◆ Input data:
□ □ □ □

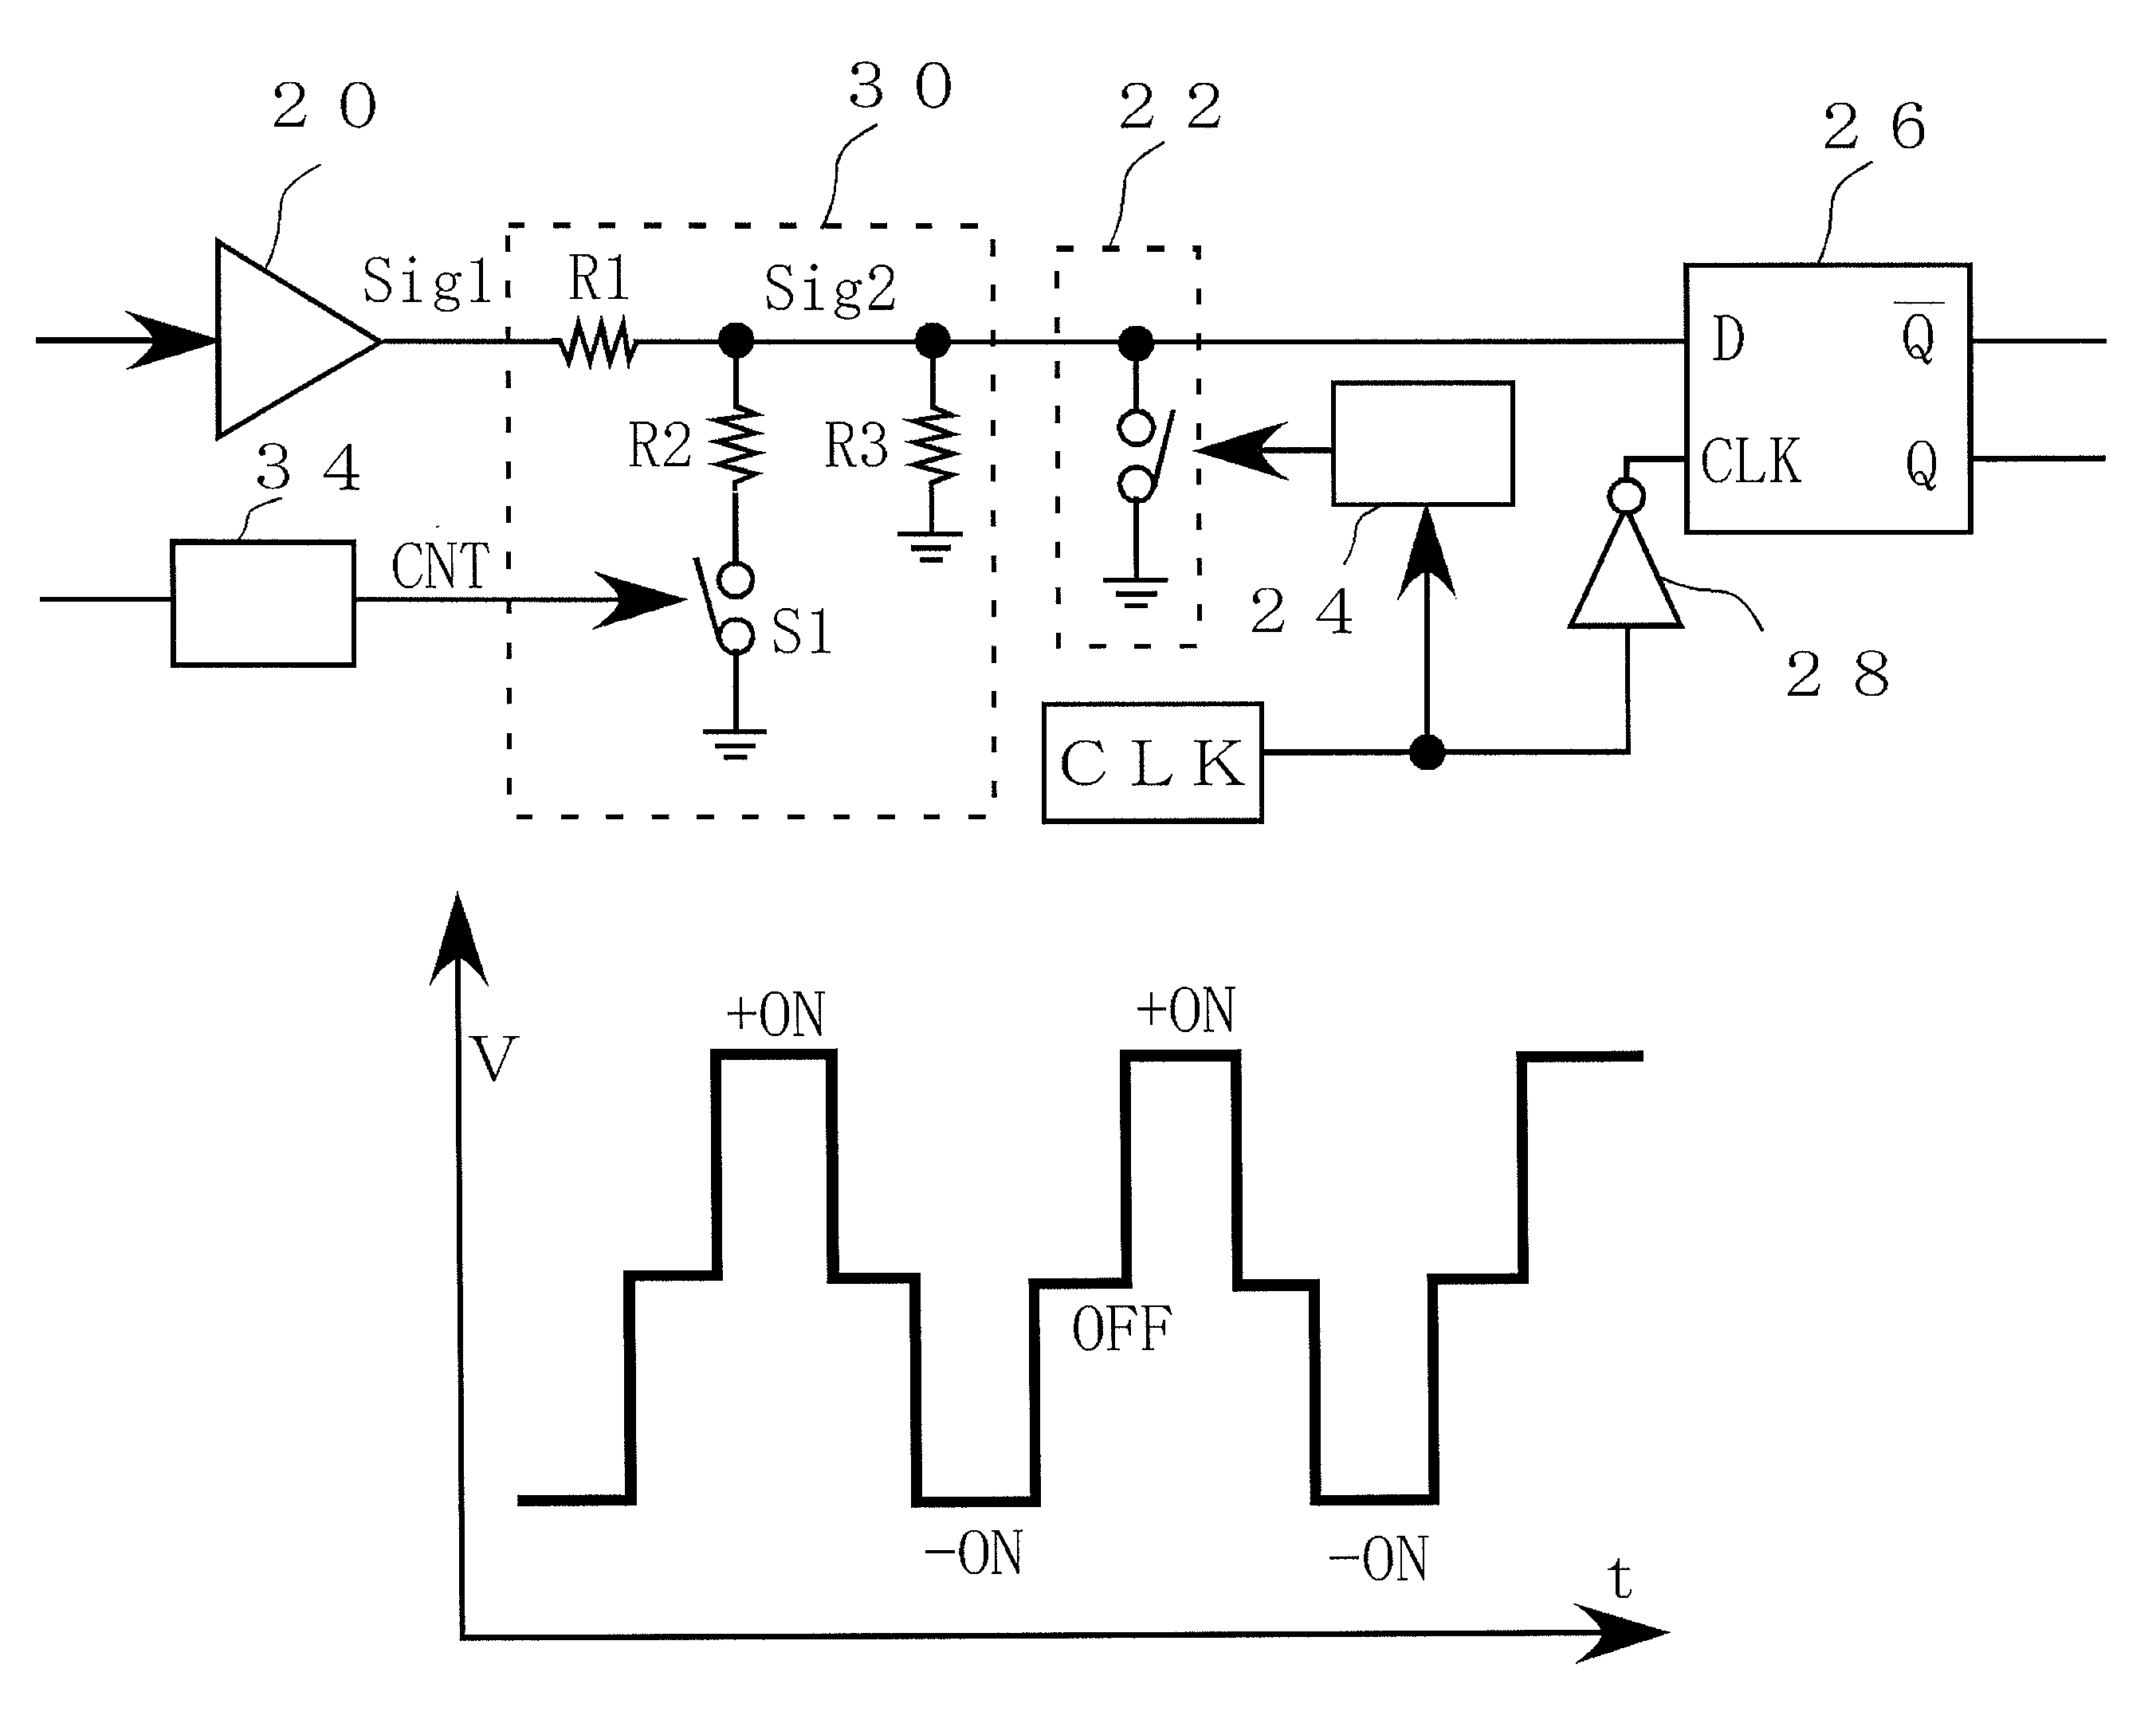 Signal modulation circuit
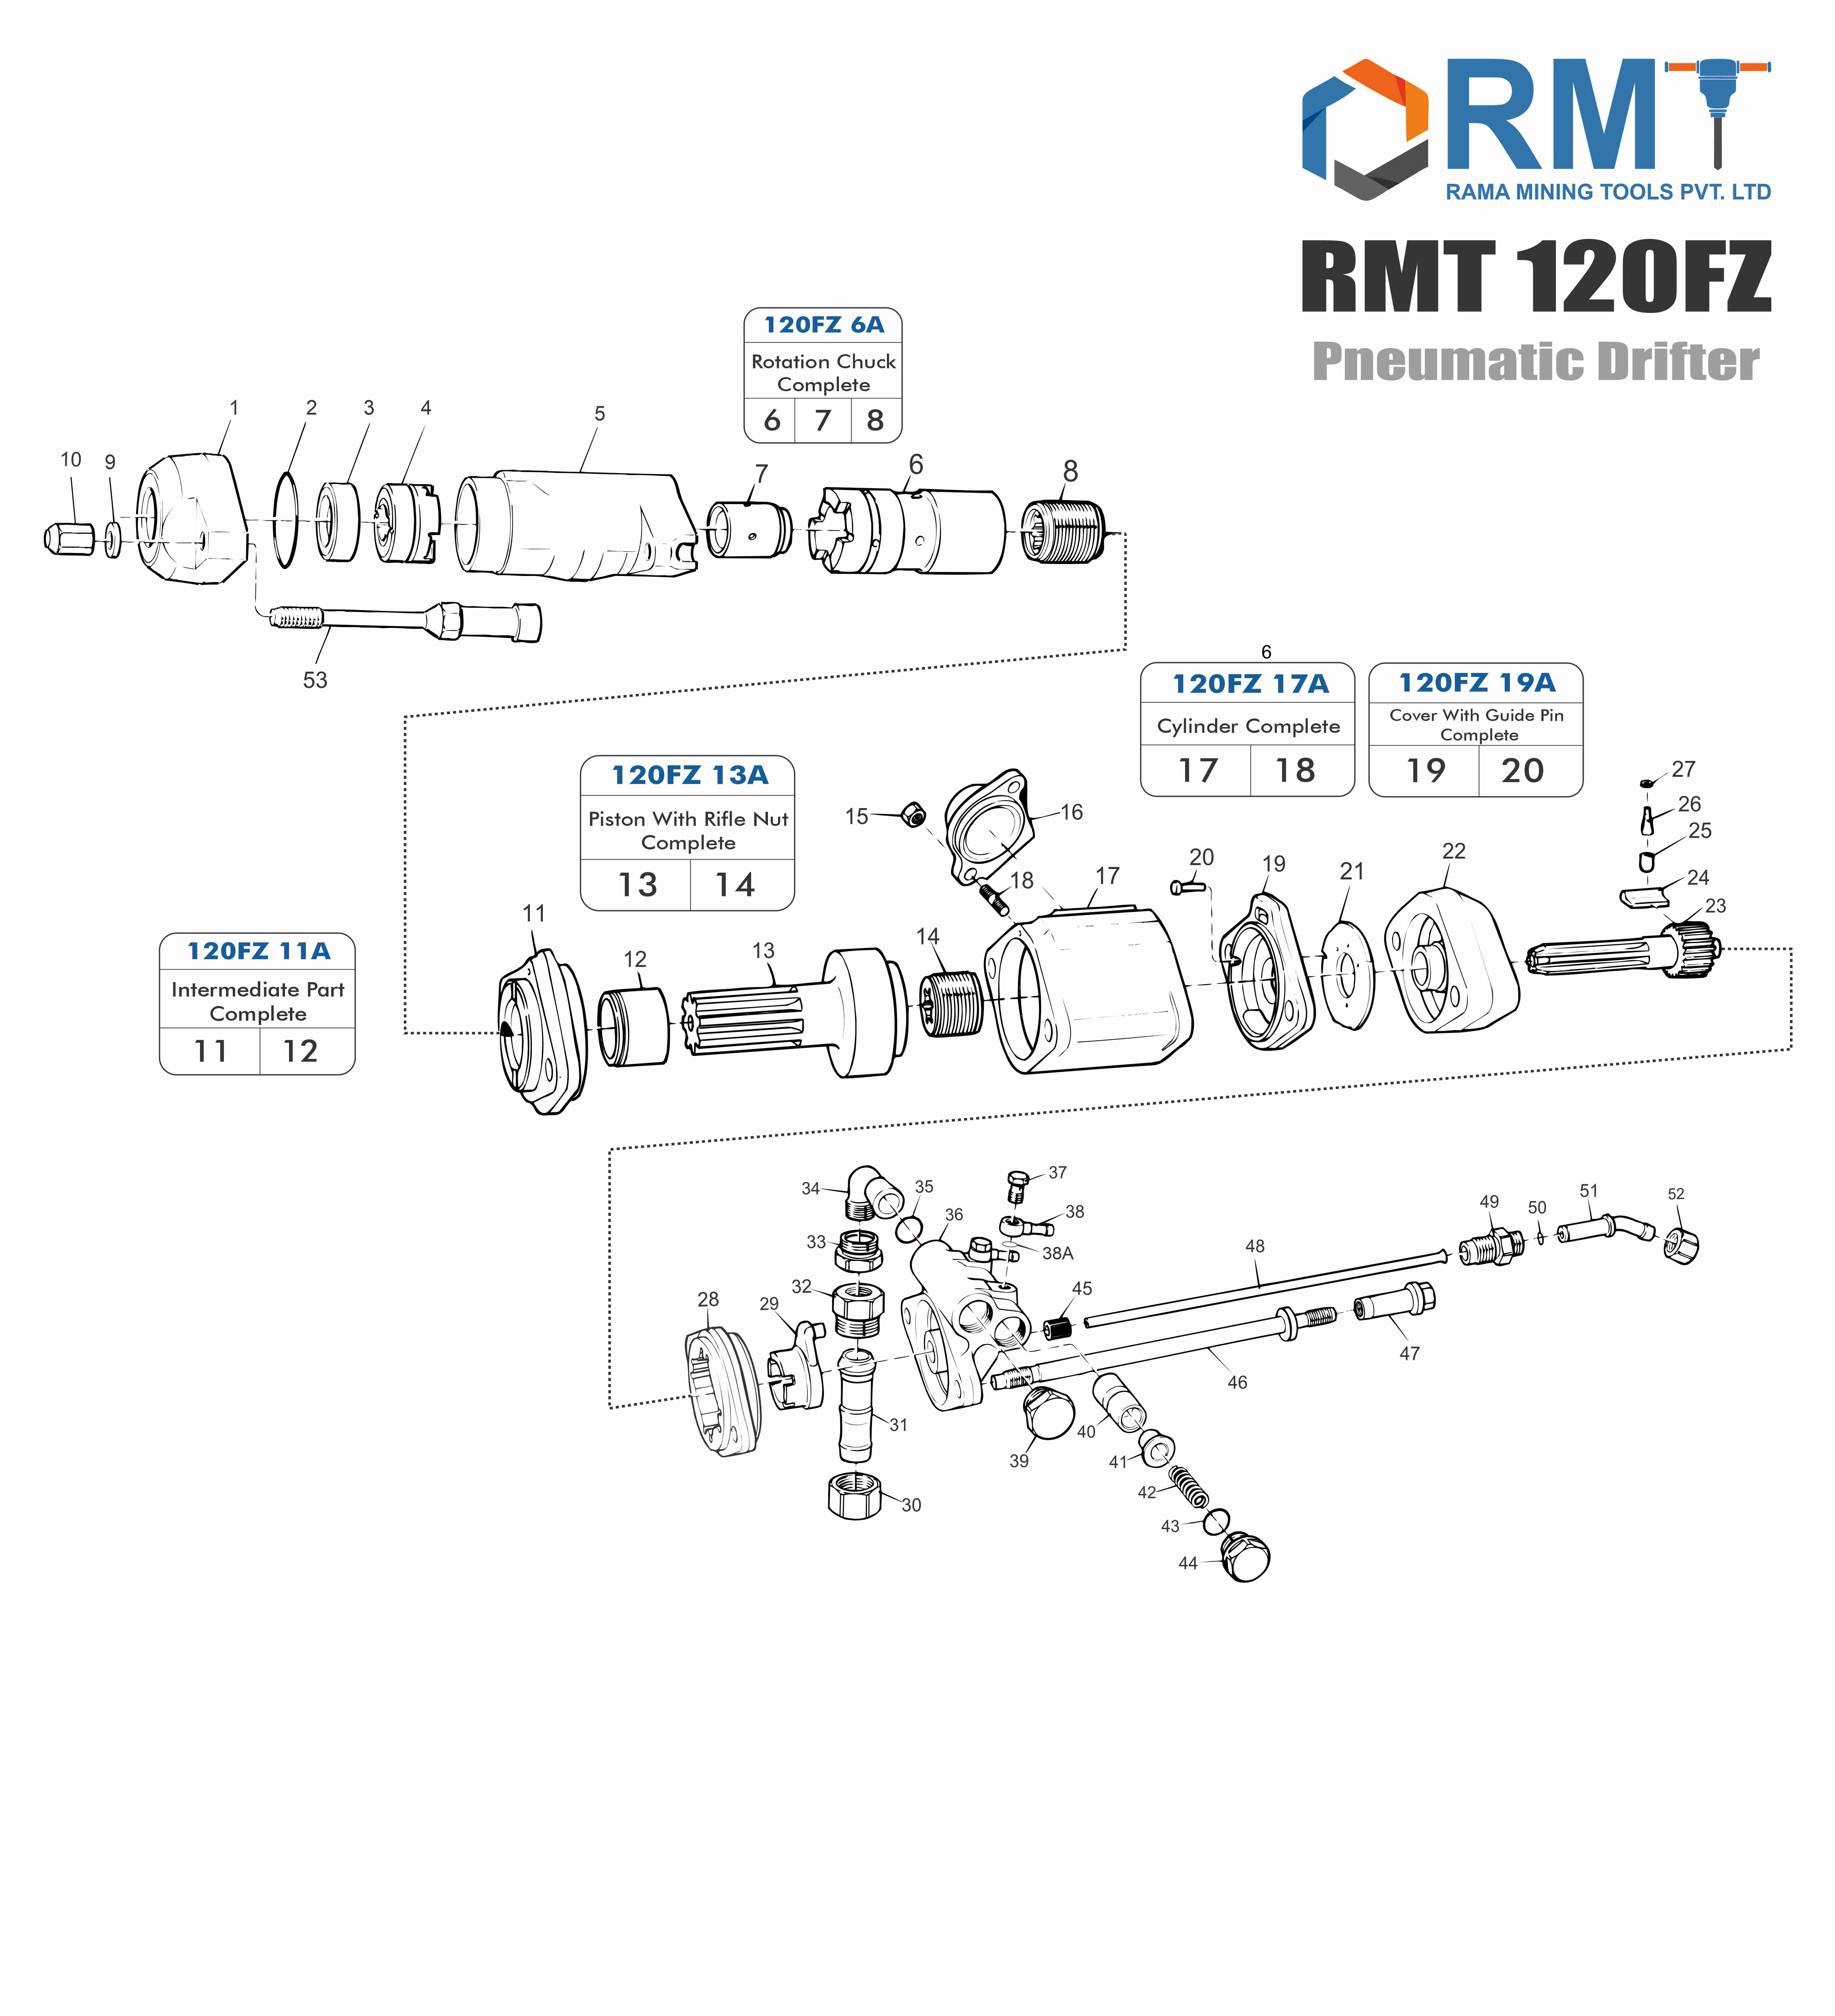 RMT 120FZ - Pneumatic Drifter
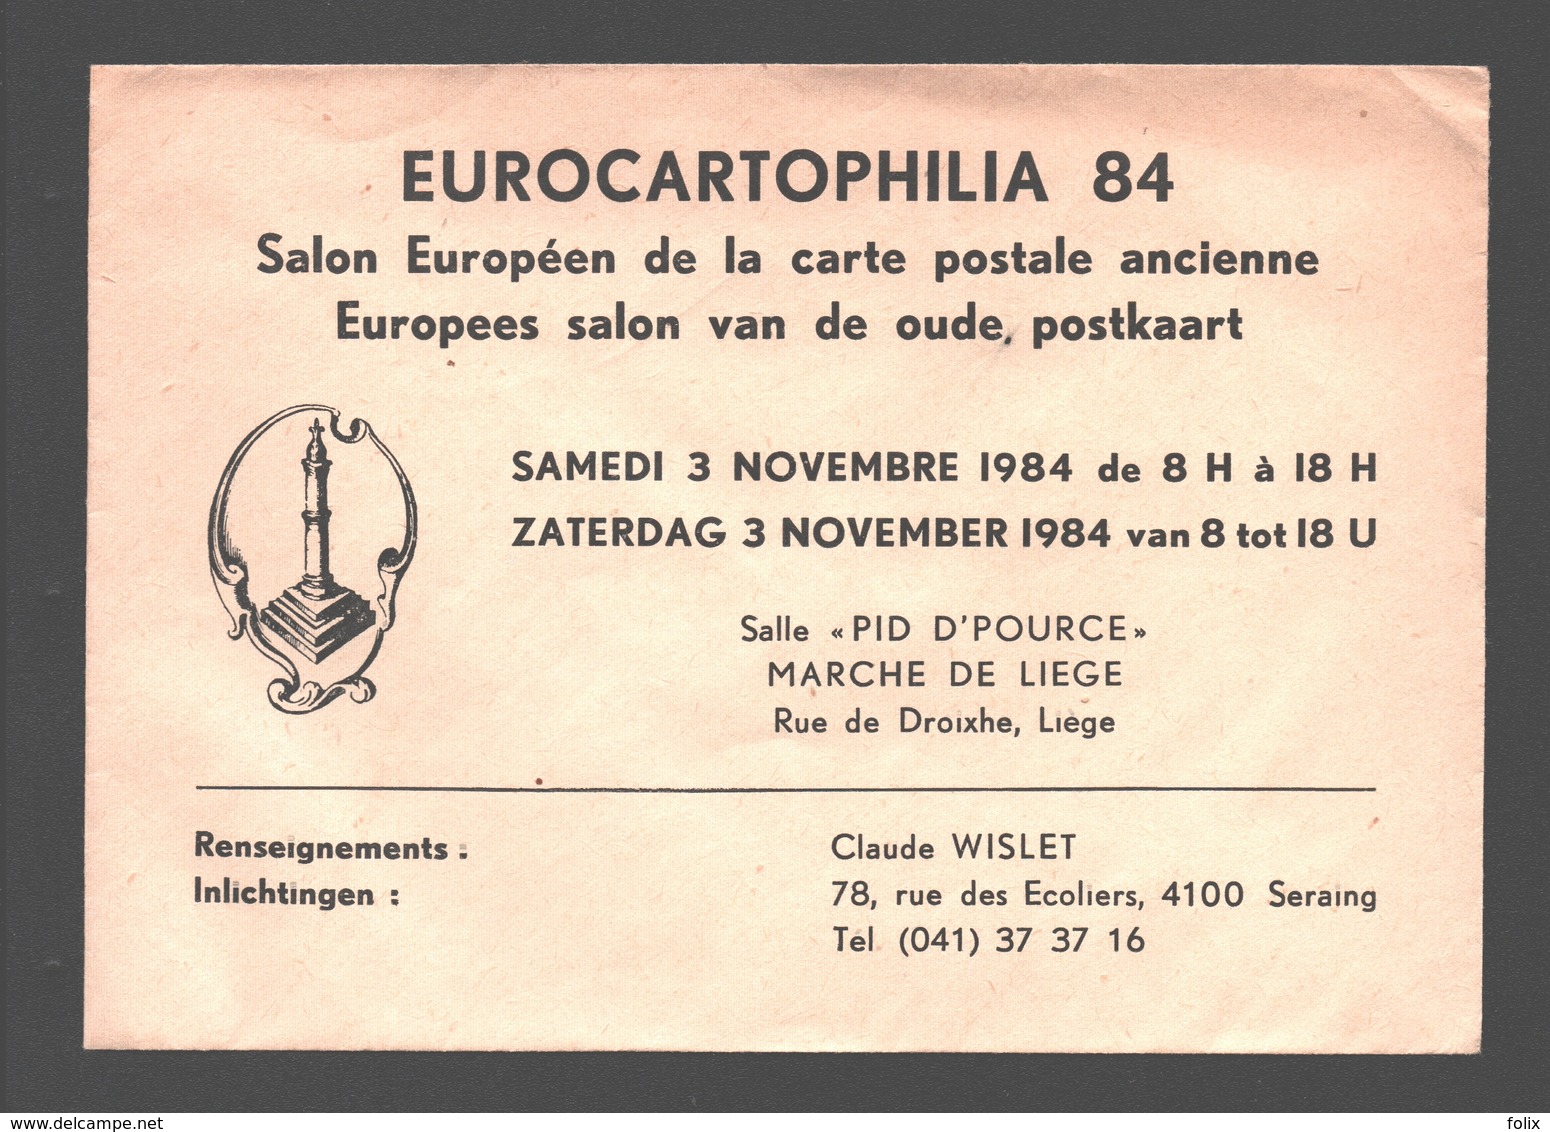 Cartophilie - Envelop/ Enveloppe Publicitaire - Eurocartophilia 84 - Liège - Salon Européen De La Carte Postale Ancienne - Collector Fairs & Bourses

□ □ □ □

◆ Problem to work on:
Reprint the listing above verbatim but drop the images.

◆ The completed task:
 Signal modulation circuit
 RMT 120FZ - Pneumatic Drifter
 Cartophilie - Envelop/ Enveloppe Publicitaire - Eurocartophilia 84 - Liège - Salon Européen De La Carte Postale Ancienne - Collector Fairs & Bourses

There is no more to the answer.